Safe Hook Removal


Catch and Release Tips

  • Land fish quickly
  • Handle fish as little as possible and avoid holding with dry hands to prevent removal of protective slime coating.
  • Don't let fish bounce on the boat deck, carpet or on shoreline rocks and gravel.
  • When using a landing net, soft knotless nylon or rubber nets are better that hard, knotted nylon.
  • Grasp most species of fish by the lower jaw and keep fish in the water if possible. Hold them vertically and support
    large fish with a hand under the belly.
  • Grasp toothy fish across the back of the head, with fingers and thumb holding gill plates closed. Watch out for
    sharp edges.
  • If you must hold a fish by putting your hand through the gill opening, avoid touching delicate gill filaments.

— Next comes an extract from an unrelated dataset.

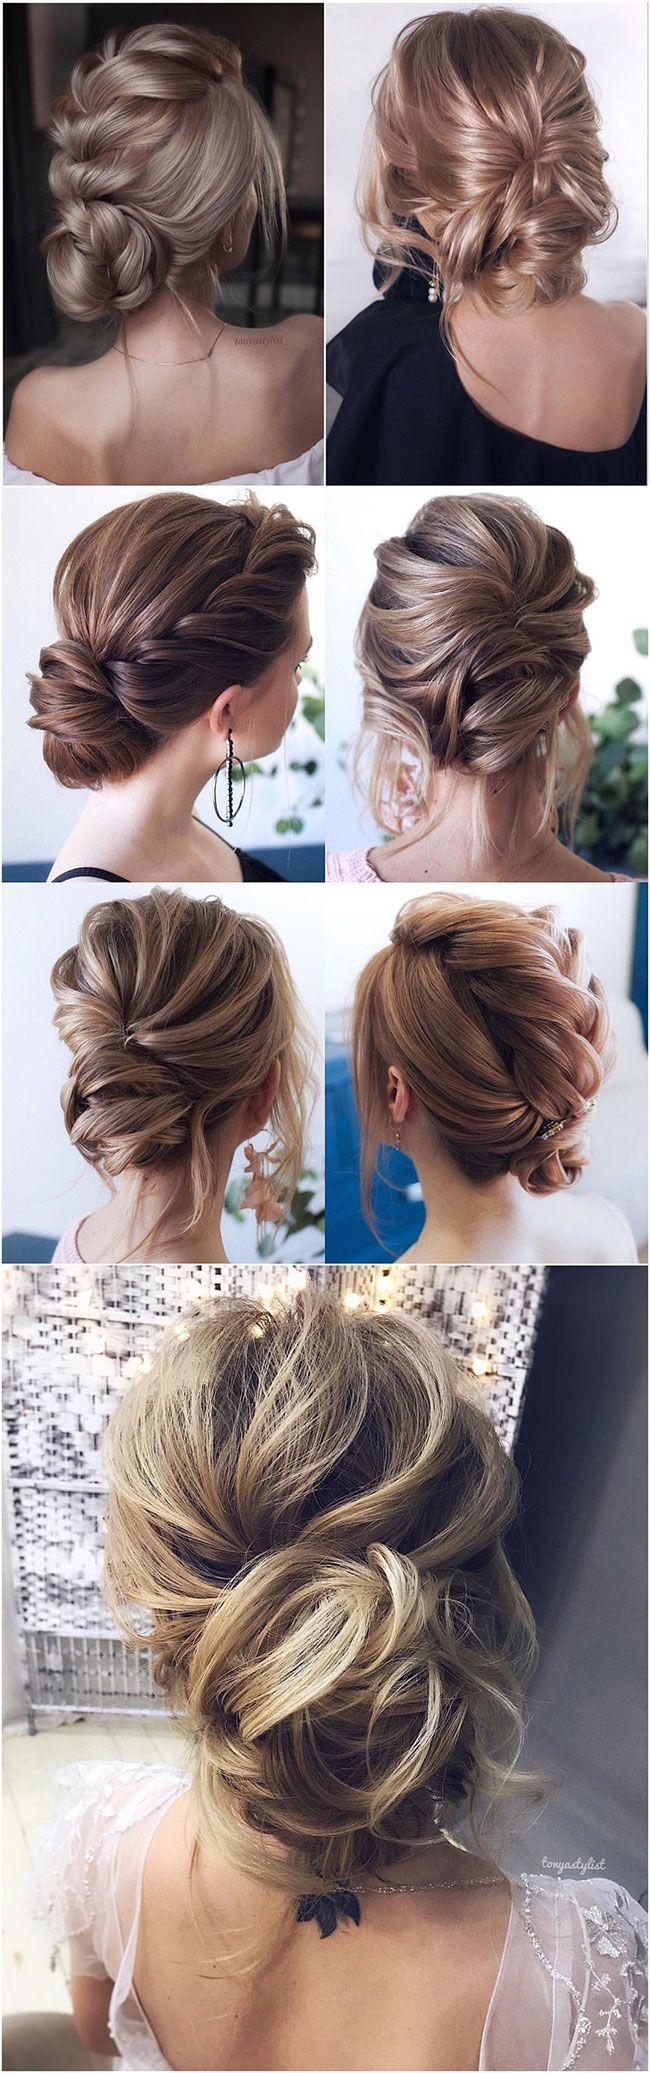 60+ Best Wedding Hairstyles from Tonyastylist for the Modern Bride - #weddings #...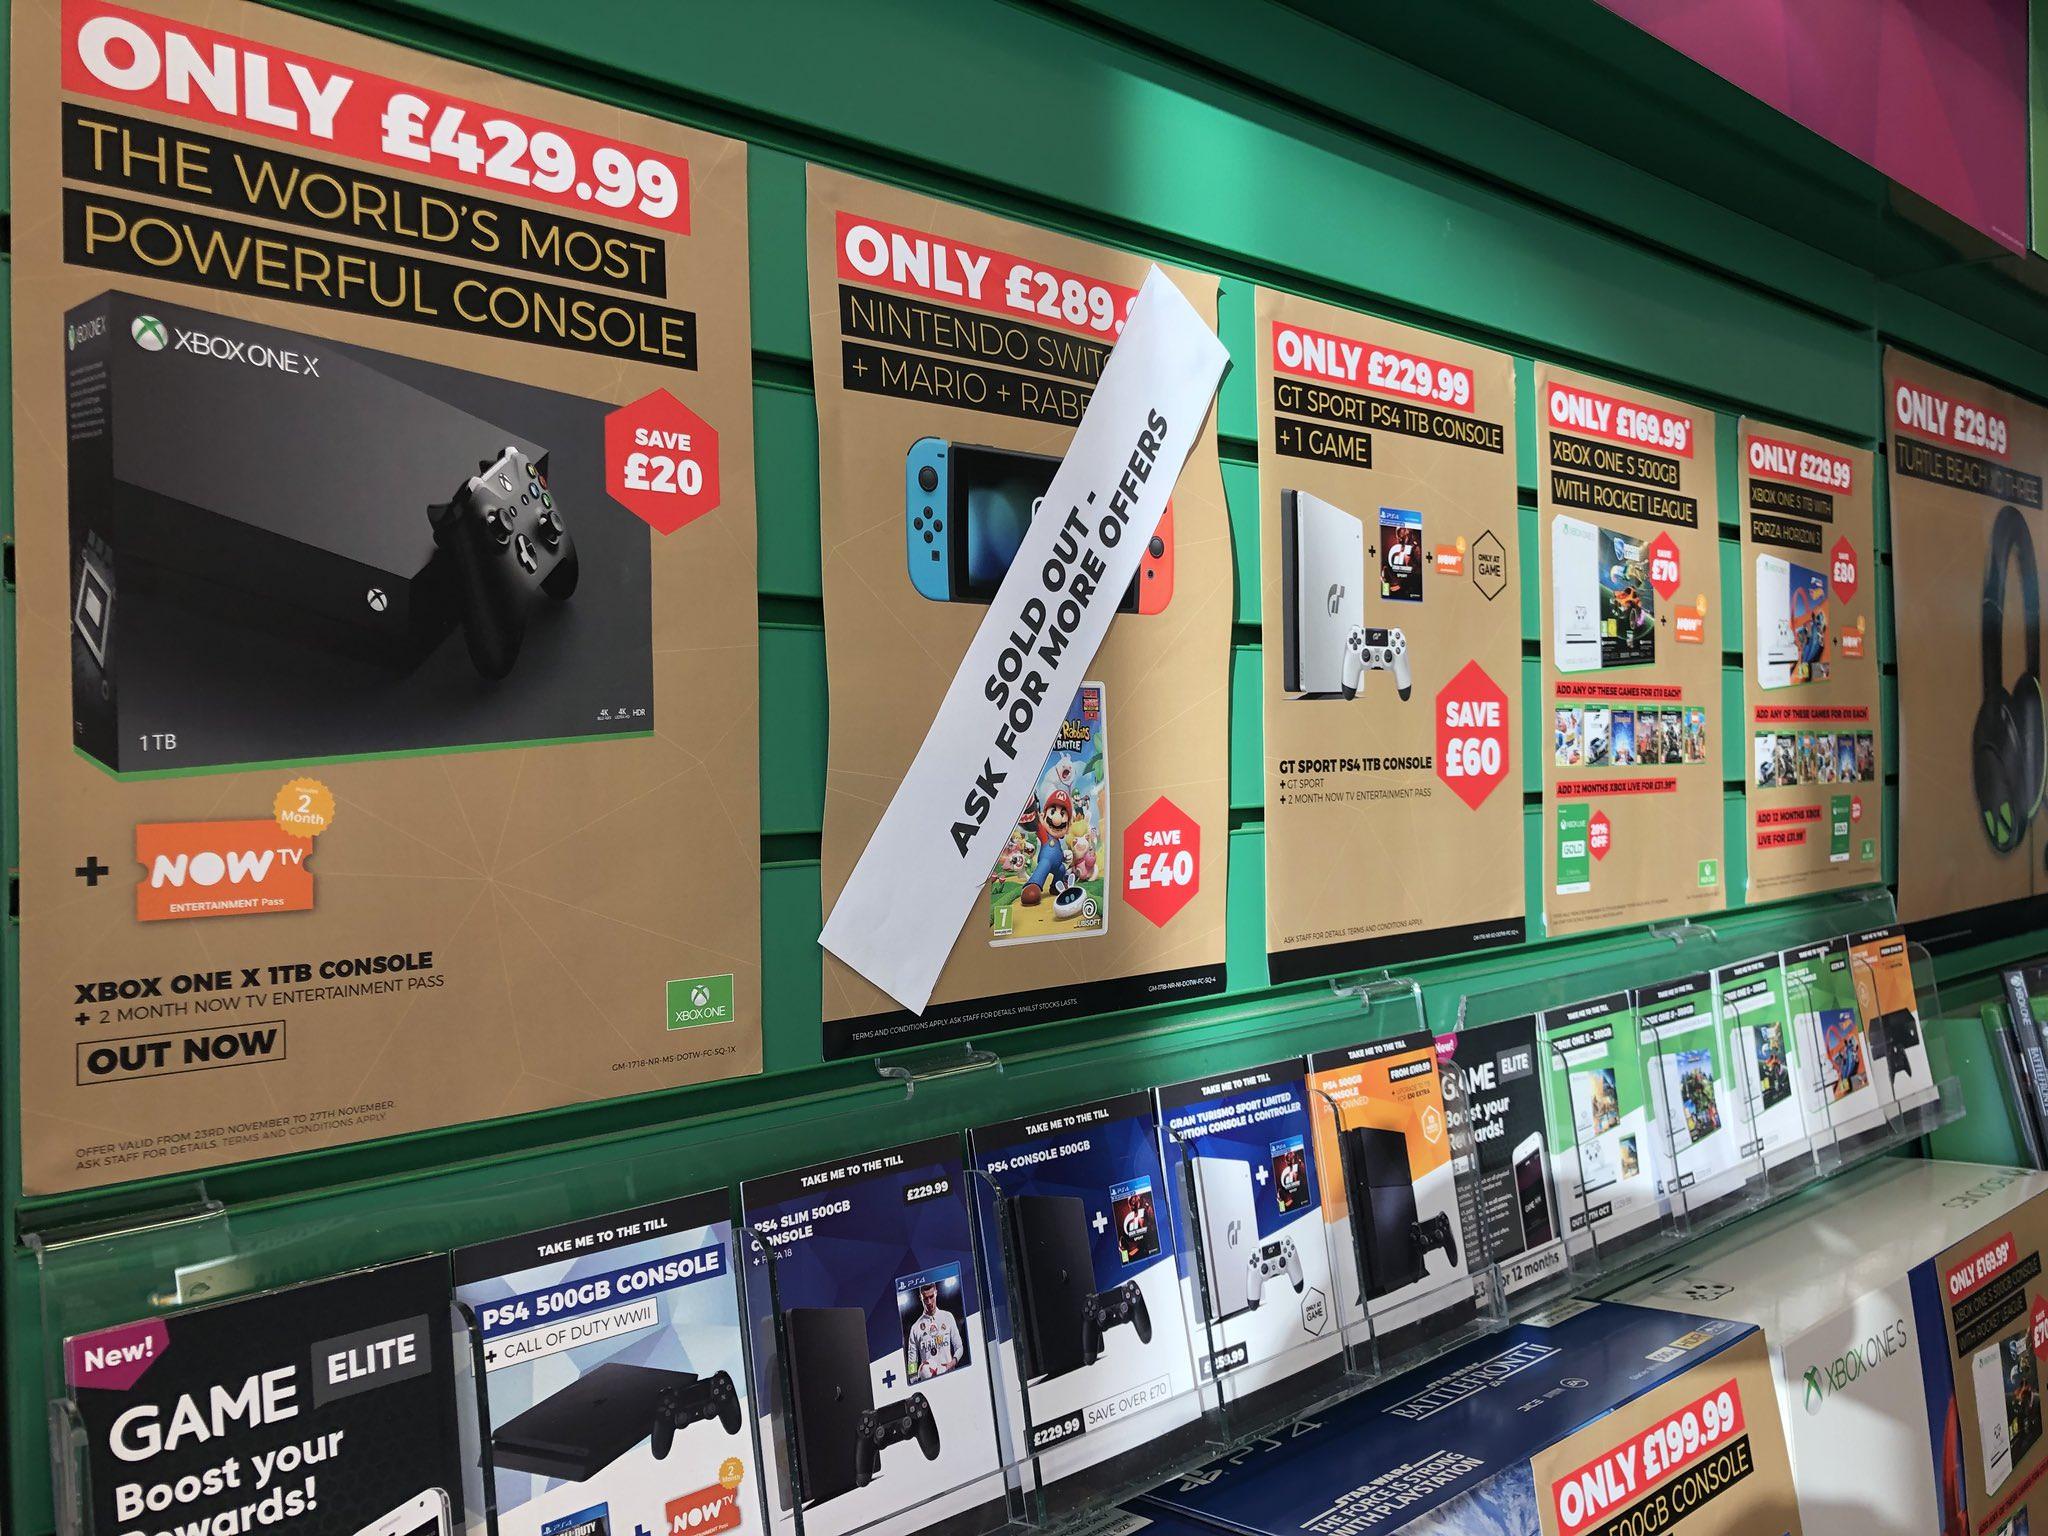 7AugCh9eUrUGk - 【悲報】PS4 尼、ウォルマート、Best Buy、GameStopアメリカ主要小売店全てで売り切れてしまうw

  • Don't keep a fish out of water longer than you can hold your breath.
  • Use long-nosed pliers or a de-hooking tool to remove deeply embedded hooks. If this fails, cut the line a few inches above the hook and leave it in the fish.
  • If you are using bait or lures that are frequently swallowed and deep hooking is likely to be a problem, use barbless hooks. Unhooking your catch with barbless hooks is faster, easier and healthier for the fish.
  • Make your own hook remover


  • In cool weather, keep fish on a stringer, in a fish basket or in a livewell.
  • When water temperatures are above 70 degrees, put fish directly on ice to keep them fresh.
  • If you use a livewell, fill it early in the day.
  • Turn on the recirculating aerator to begin building oxygen levels before you put fish in.
  • Run aerators continuously. Fish in livewells use oxygen faster than a timer-operated aerator can provide. If your
    aerator must run on a timer, set it to run as frequently as possible. Distribute fish between live well compartments.
  • When water temperatures are above 80 degrees, recirculate water continuously instead of pumping in hot lake
    water. Add ice and salt. One eight-pound block of ice cools a 25-30 gallon livewell for about three hours. Adjust
    the amount of ice according to the size of your livewell. Block ice is preferred because it melts slower. Store extra
    ice to use later in the day. Water frozen in plastic milk jugs make this convenient.
  • Add 1/3 cup of non-iodized salt for every five gallons of water. Measure your livewell volume then pre-measure
    salt. Keep it in zip-lock bags for use during the day.
  • Twice a day, drain half of the livewell, refill with fresh water and add half the required amount of ice and salt with
    each water change.
  • If your boat cannot recirculate water in the livewell, run the flow-through aeration continuously.